Richard Cowin describes an often overlooked concept "Disposable Software" in a recent blog entry. In my opinion, this seemingly basic concept that software is not forever is integral to making good architecture and product development decisions.

I believe that the idea "software is temporary" increasingly rings true in the world of Service-Oriented Architecture (SOA). Jini incorporated this into it‘s programming paradigm with the incorporation of the "lease" concept. A service or client leases an amount of time with it‘s software dependencies as an expected lifespan, duration to use a service, or renewal period. Services are likely to be available if a lease is active for that service. We can download the binding to that service based on a contract and decide what to do when the lease for that service is expiring. If the contract does not change then a new version of the service may be deployed and when the old version‘s lease expires all of the consumers of that service may get the new version‘s binding.
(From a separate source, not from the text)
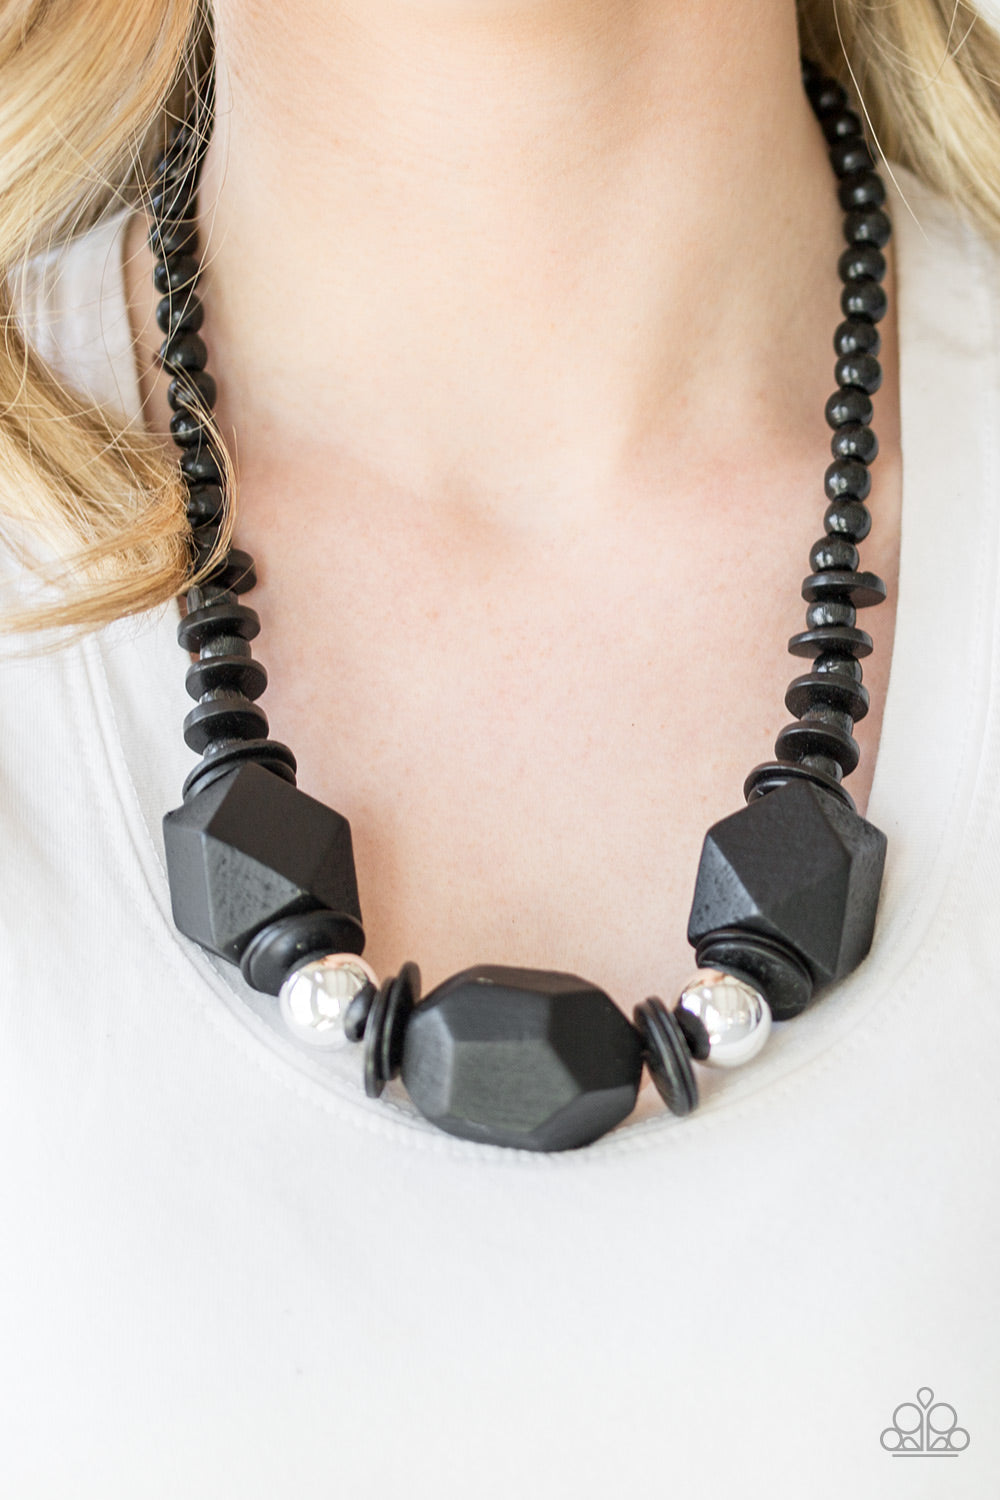 Costa Maya Majesty - Black Wood Necklace - Paparazzi Accessories - Featuring abstract geometric finishes, mismatched black wooden beads are threaded along shiny black cording. Dramatic silver beads are sprinkled between the earthy beading, creating a bold seasonal look below the collar. Features a button loop closure necklace.  Bejeweled Accessories By Kristie - Trendy fashion jewelry for everyone -
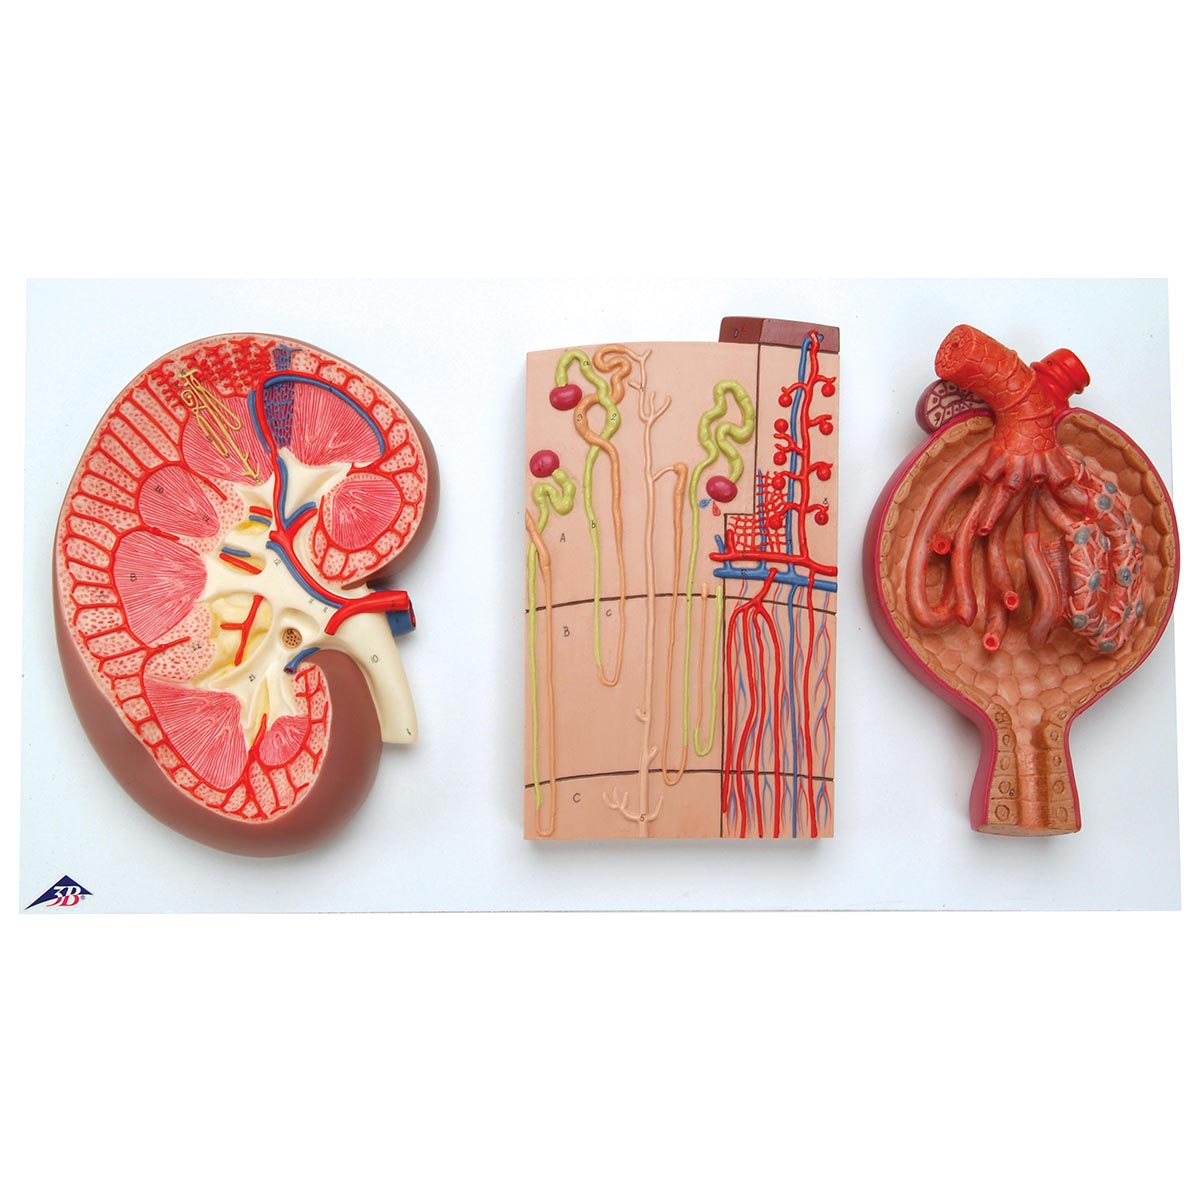 K11 Human Kidney Section Model with Nephrons, Blood Vessels & Renal Corpuscle - 3B Smart Anatomy

This allows reasonably granular services to be upgraded easily upon lease expirations.

Even in the XML web services world there is this thought of decommissioning software. Multiple vendors have developed strategies for registering, instrumenting, monitoring, advertising, and removing services based on web services. I have listened to discussions on the use of COBOL transaction services deployed to mainframes which paralleled the SOA concepts of granular services with specific operational goals. I heard that there may still be print jobs generated from these deployed services. The developers and business owners of these services are no longer available to convey a strategy for removal. Those services which are running without any currently identifiable business value are operational debt for the businesses in which they are deployed. Many established SOA strategies have taken this into consideration. Services at the right granularity can be tracked with metering which could lead to eventual removal of a service based on Service Level Agreements (SLA).

When consulting customers on introducing SOA to the organization, service removal is a high priority topic to help drive a successful SOA initiative. Services in most good SOA strategies map to a business value. When the business value is no longer relevant we must be able to remove the service effectively in order to cease further operation debt. You may even deprecate a version of your service and later remove it when all of the consumers of that service no longer use it or employ more drastic strategies to remove services. Operational costs in maintaining software is usually the biggest cost of all for large organizations. We must do what we can to make sure these costs are controlled effectively.